The 3D surface quadratic plots of MFV changes in color space are shown in Figures 4(A-B) for men (Figure 4A) and women (Figure 4B), respectively. The male 3D surface quadratic plot (Figure 4A) was ‘funnel shaped’, indicating overall that, wavelength-differencing activity was narrowed at low luminance effect, but broadened with increasing luminance effect. In men, there was an exponential relationship (Figure 5A) between right hemisphere wavelength-differencing and contralateral left hemisphere luminance effect, as demonstrated in the 2D graph (Figure 5B), showing all subjects within the 95% confidence band. The exponential function model in men (Figure 5B) indicated that brain functional integration of luminance effects and wavelength-differencing activities was maintained within a ‘narrow physiologic range’ of MFV of 50 to 85 cm/s in the RMCA and LMCA. On the other hand, in women, the 3D-surface quadratic plot was the mirror-image of that observed in men, showing a closed ‘cone shape’ with a widespread base (Figure 4B). The base of the cone shape suggests that at very low luminance effect on LMCA MFV, frequency-differencing activity occurred over a very wide range. However, with increasing luminance effect, frequency-differencing activity narrowed. In women, there was a logarithmic relationship between ipsilateral left hemisphere frequency-differencing and luminance effect, as demonstrated in the 2D graph of logarithmic function (Figure 5C), showing all subjects but two, within the 95% confidence band.
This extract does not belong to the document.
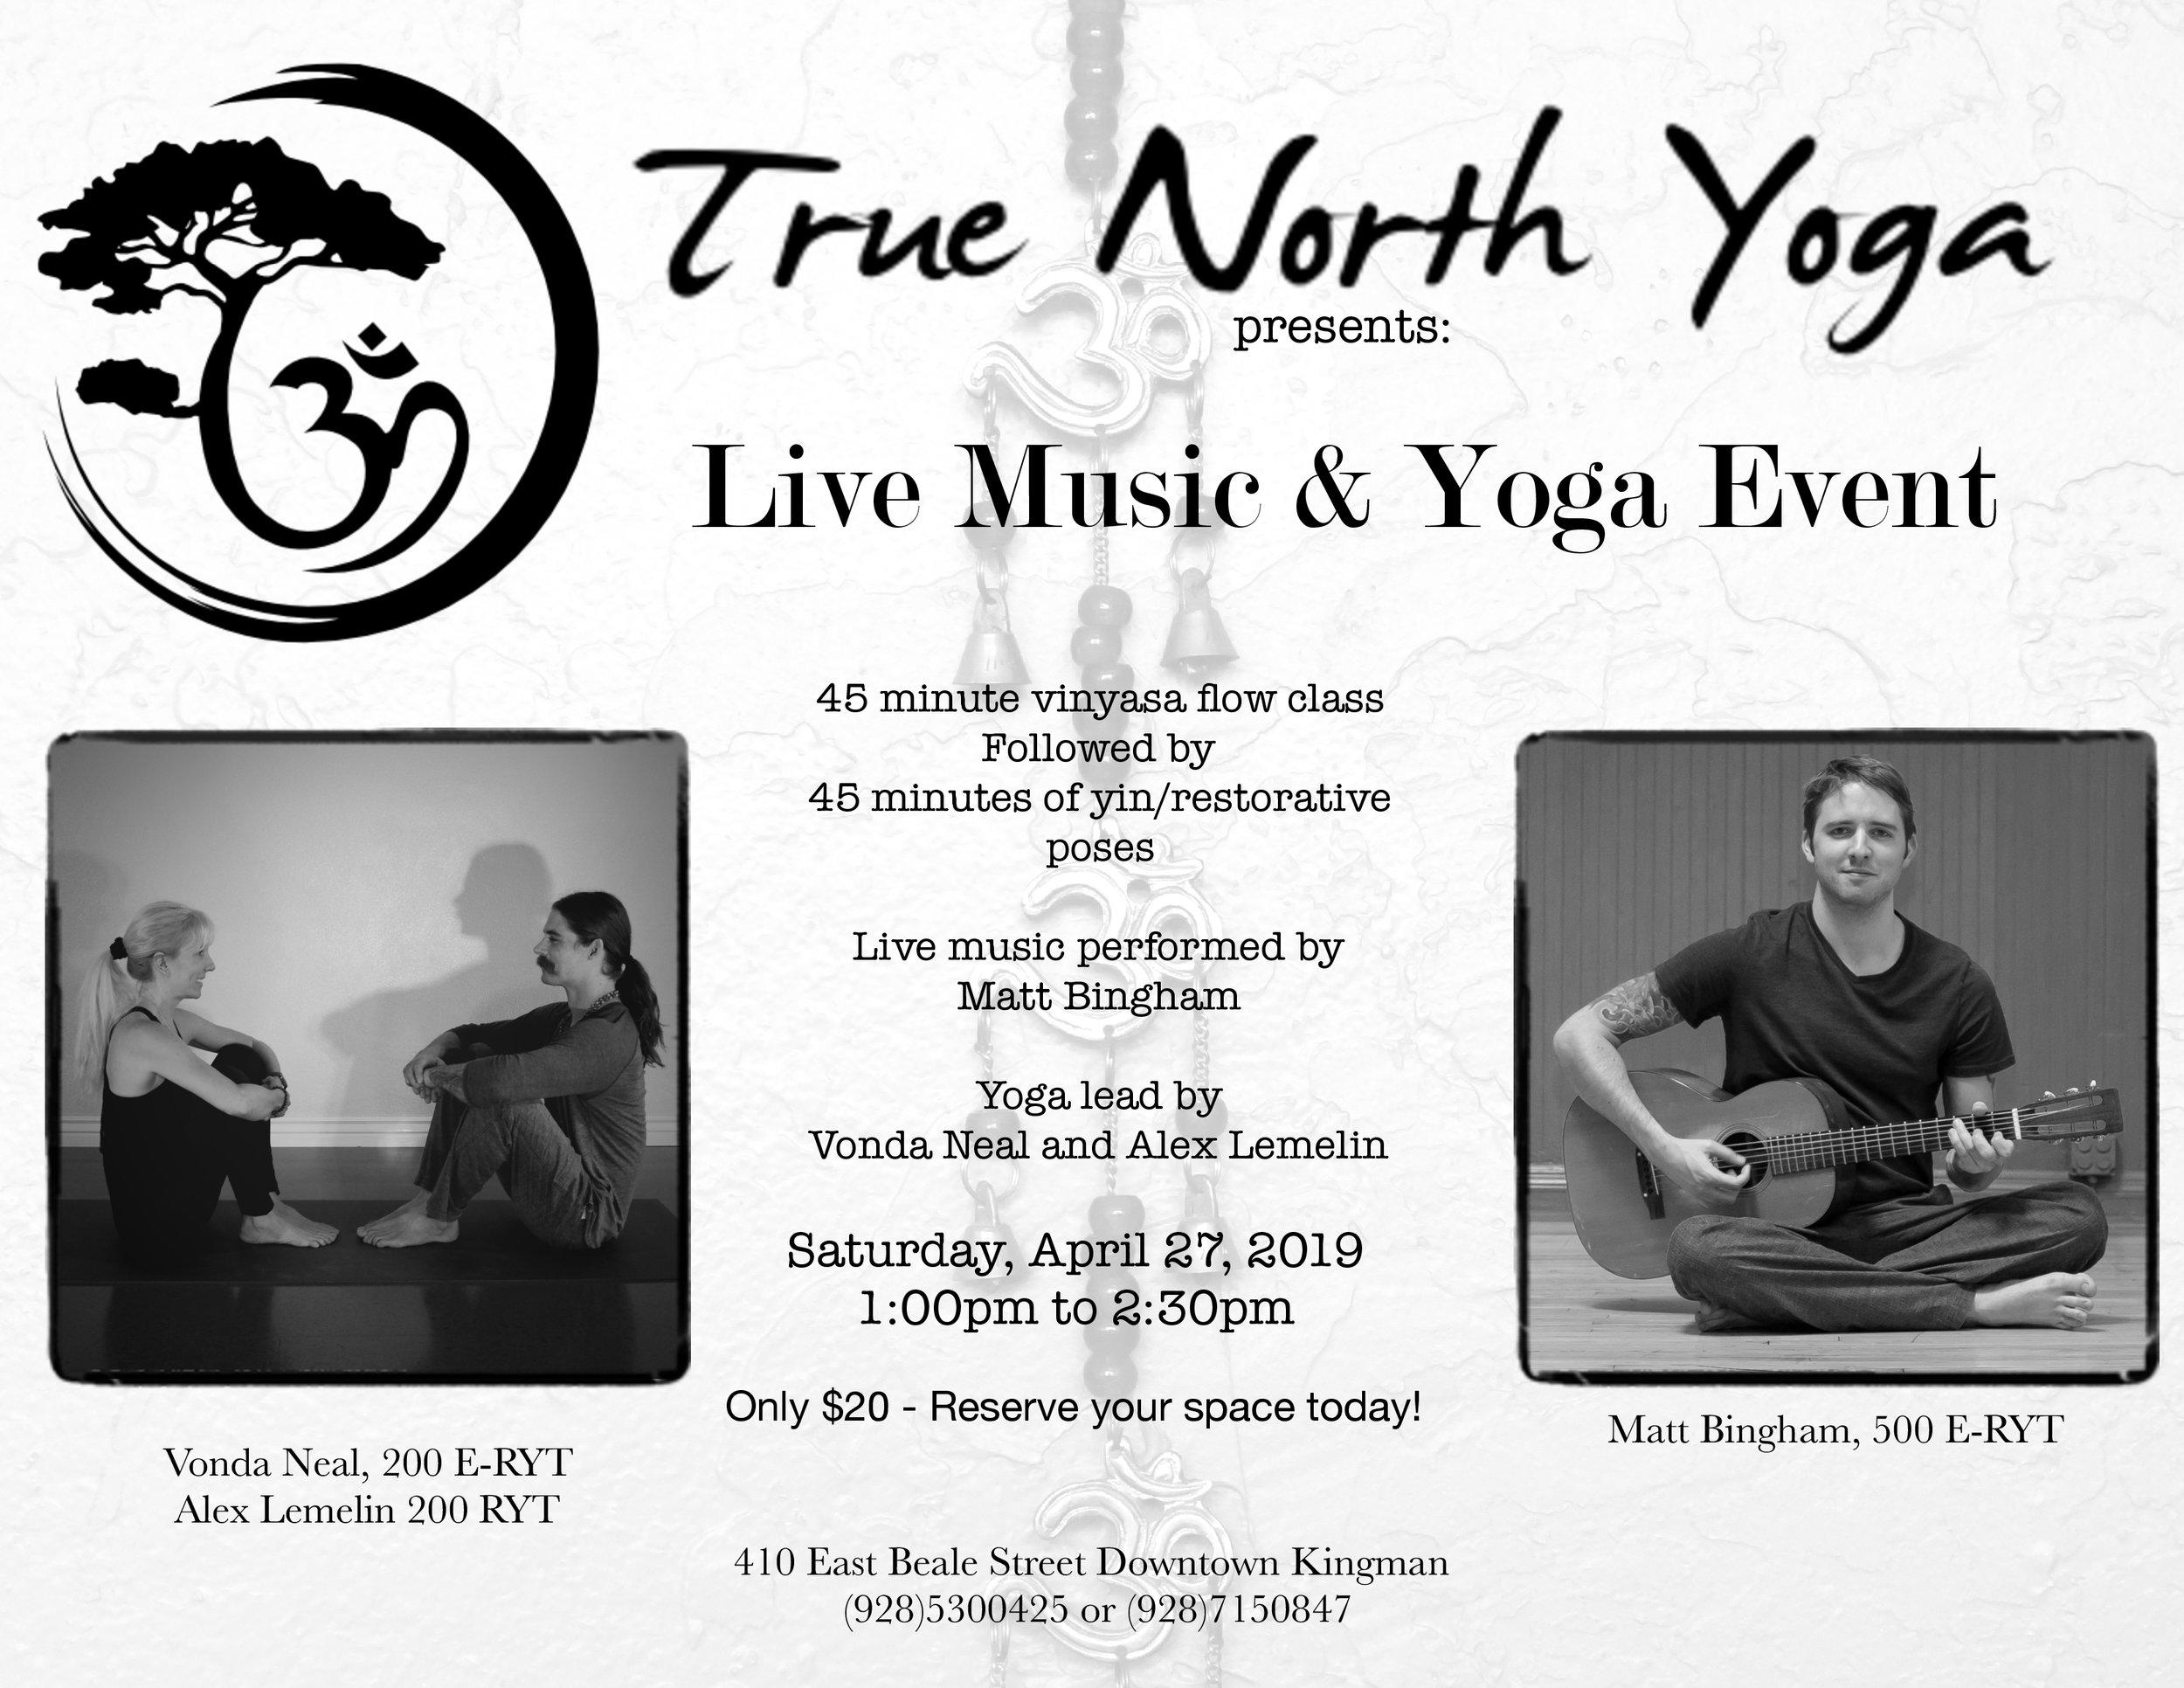 TNY Live Music & Yoga Event.jpg
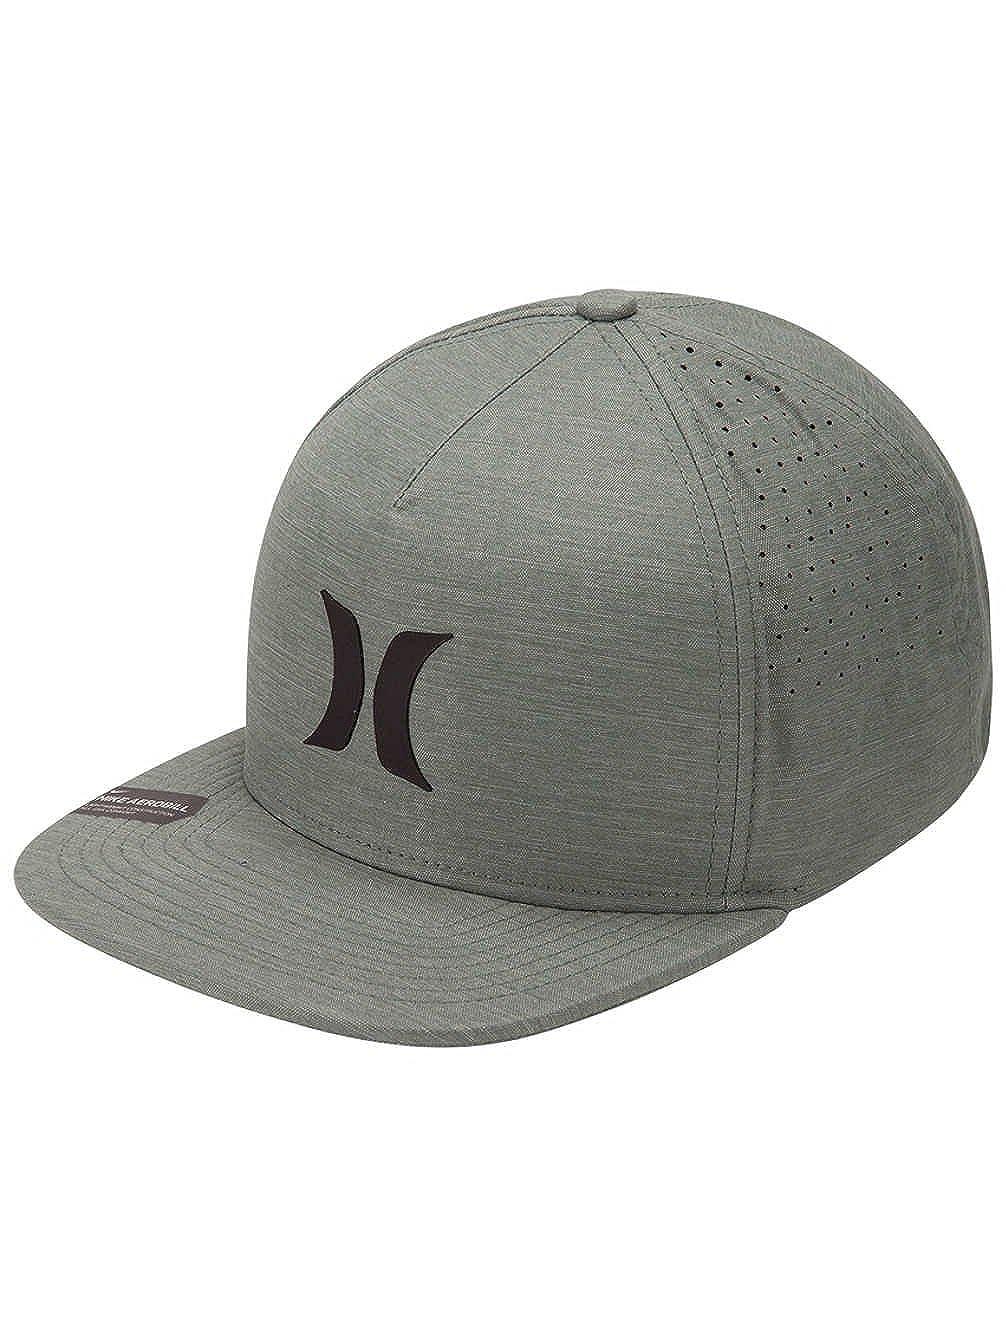 de0eb511eb9ad Amazon.com  Hurley Dri-Fit Icon 4.0 Hat - Clay Green Black  Clothing

The logarithmic function model in women (Figure 5D) indicates that, brain functional integration of luminance effect and frequency-differencing activities was maintained within a ‘narrow physiologic range’ of MFV of 60 to 106 cm/s in the LMCA, however, somewhat wider than that for men. In both, men (Figure 5C) and women (Figure 5D), respectively, there appears to be a high level of scatter. However, in men (Figure 5C) it is more disperse than in women (Figure 5D), which may suggest as greater sensitivity to luminance in men (see Figure 4A), than in women (see Figure 4B).
3.2. Gender-related asymmetry for color processing by f TCDS
Figures 6 (A-D) demonstrates the conventional spectral density plots for each artery during Dark, Light, Blue and Yellow stimulations in men (Figures 6A-B) and women (Figures 6C-D), respectively.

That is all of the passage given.